Varying numbers of foam cells were noted in 6 of the 7 patients. In most of the case patients, these cells were numerous and readily identifiable, whereas 1 case patient had fewer and less prominent foam cells (Figure 2 and Figure 3). The cells were arranged in aggregates surrounding the infundibulum and the apocrine duct. The cell borders were discernible and cytoplasm was abundant and finely vacuolated or almost granular, yielding a foamy appearance with a grayish blue or amphophilic hue. The nuclei were pale and somewhat ovoid or sometimes slightly irregularly shaped. Sparse to moderate lymphohistiocytic infiltrates were seen in the same distribution, but multinucleate cells were not prominent.
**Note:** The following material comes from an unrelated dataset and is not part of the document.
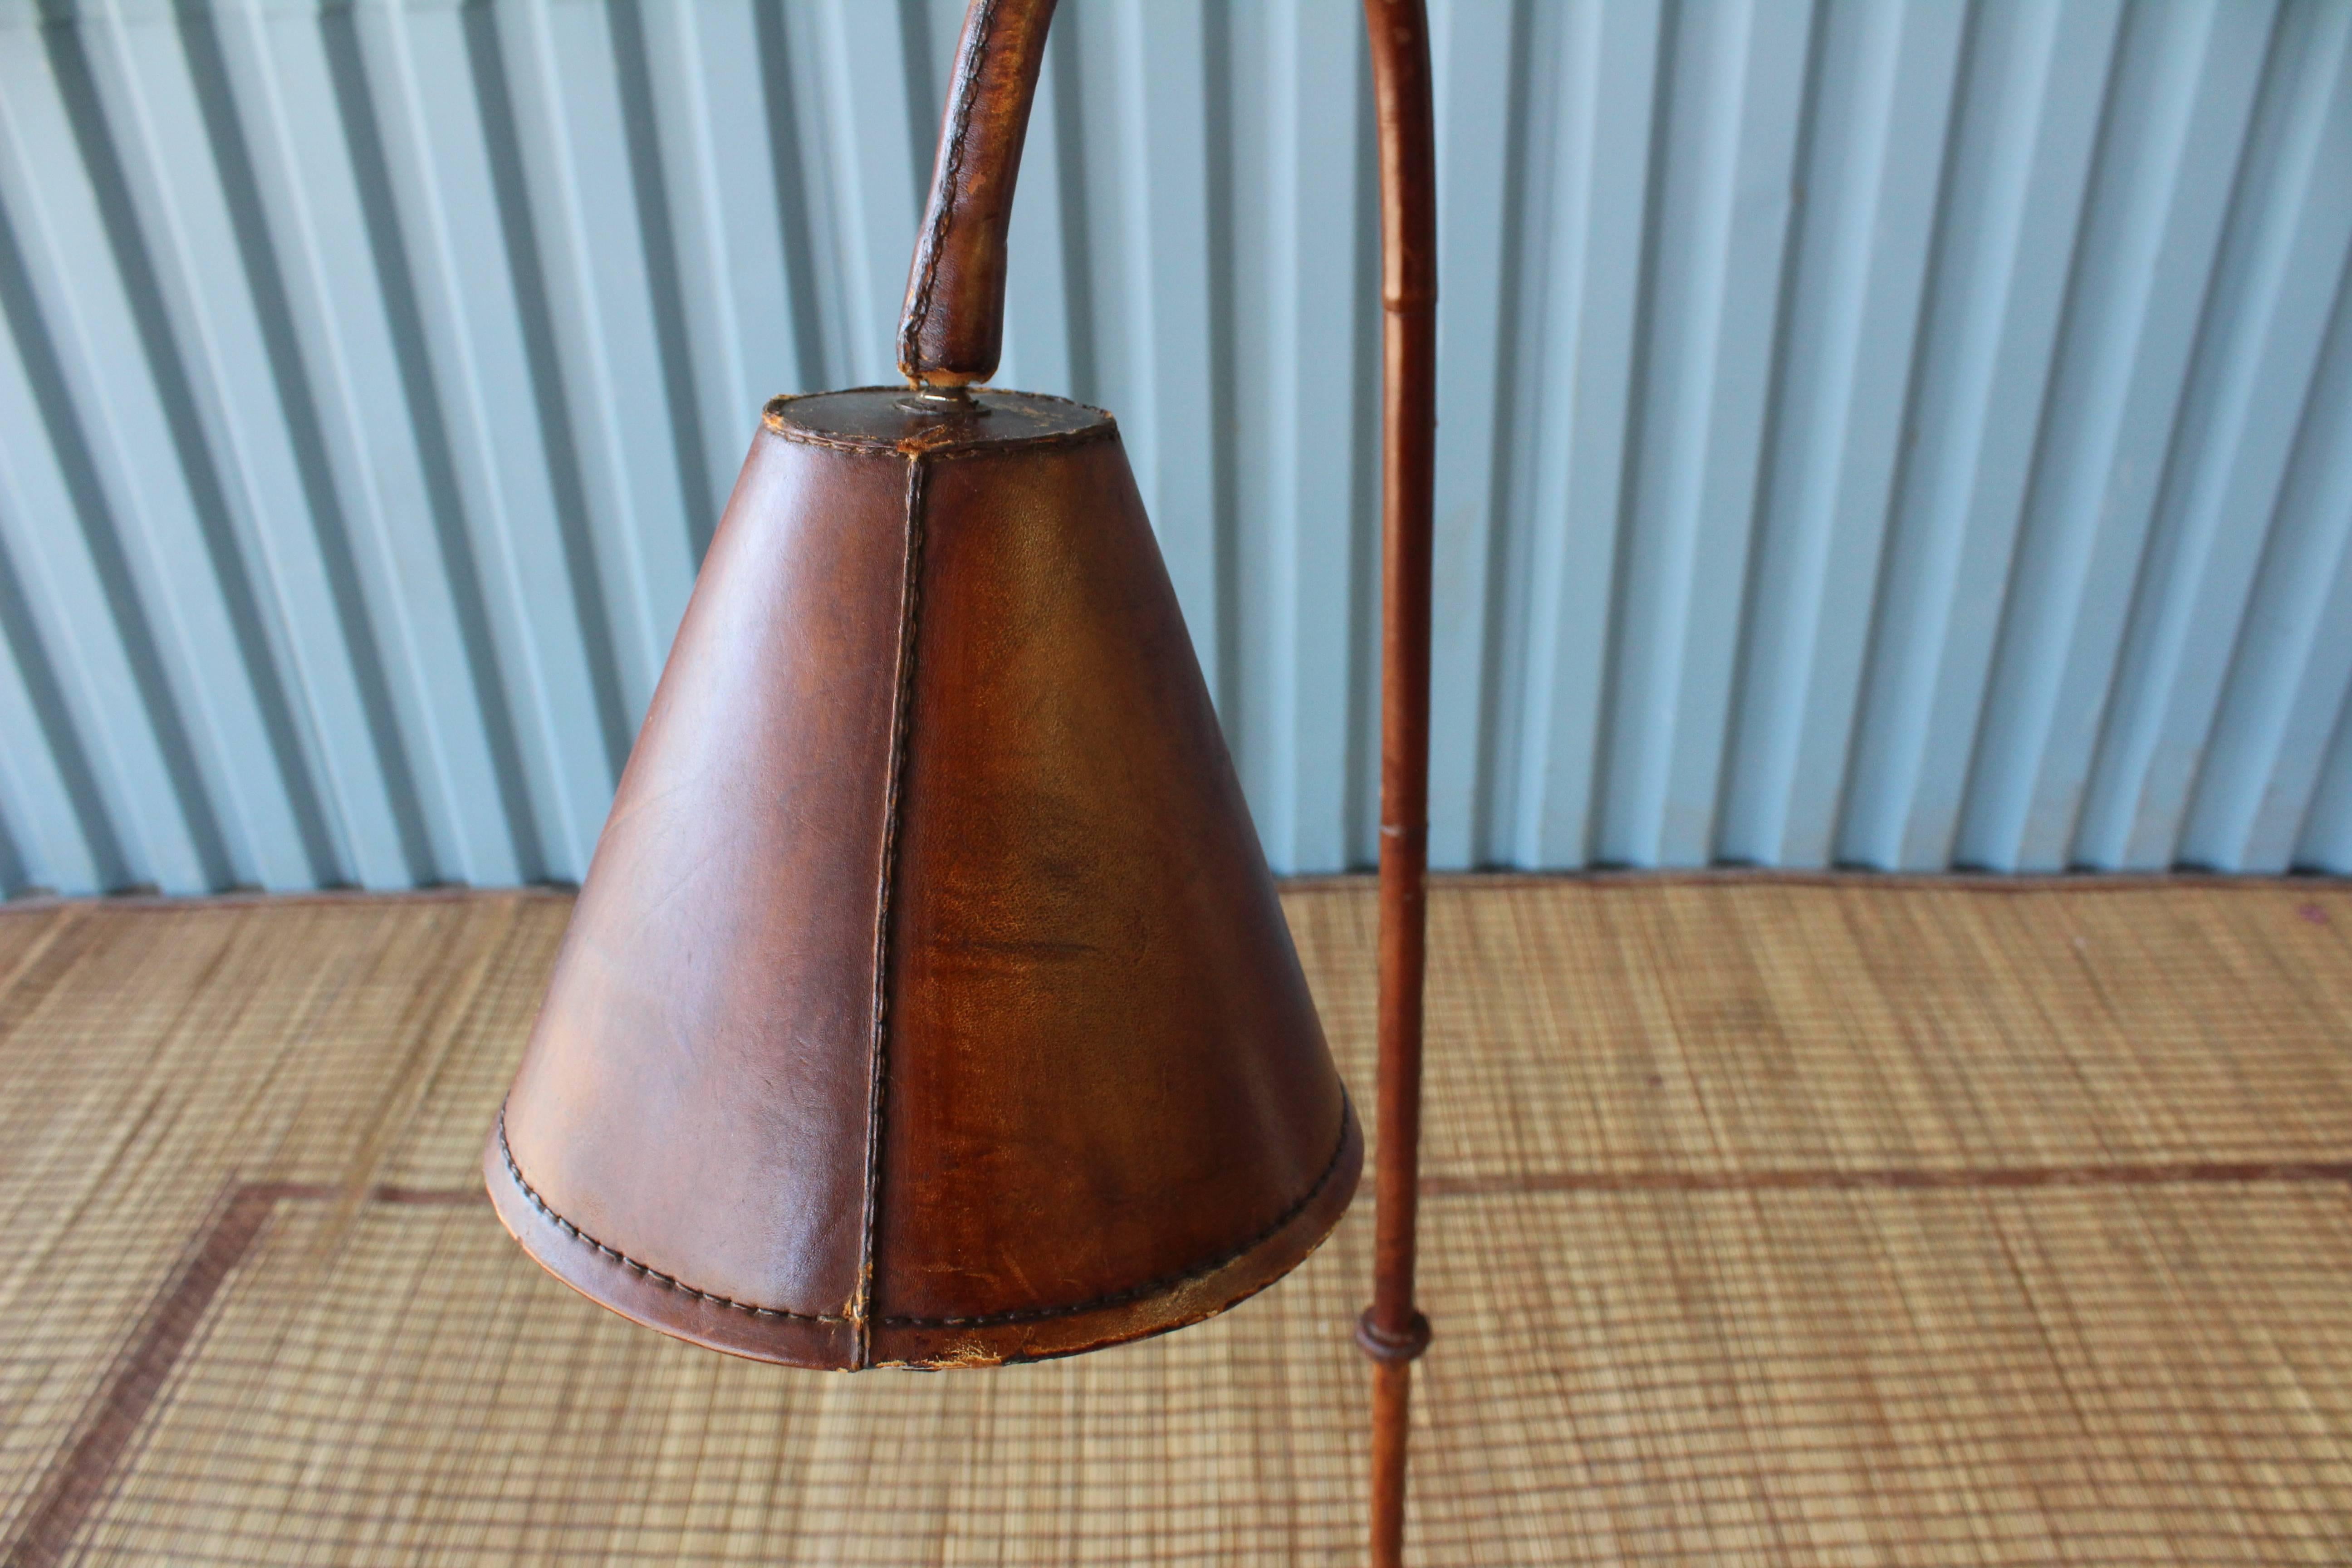 A brown leather-wrapped floor lamp by Valenti, Spain, 1950s. Leather shows age appropriate wear and patina. Newly rewired for U.S standards.

The foam cells were observed in 64% of the microscopic-level sections examined.
Abundant peri-infundibular and periductal foam cells in a patient with Fox-Fordyce disease (hematoxylin-eosin, original magnifications ×100 in A and ×400 in B).
Moderate to few peri-infundibular and periductal foam cells in a patient with Fox-Fordyce disease (hematoxylin-eosin, original magnification ×400 for A and B and ×200 for both inset images).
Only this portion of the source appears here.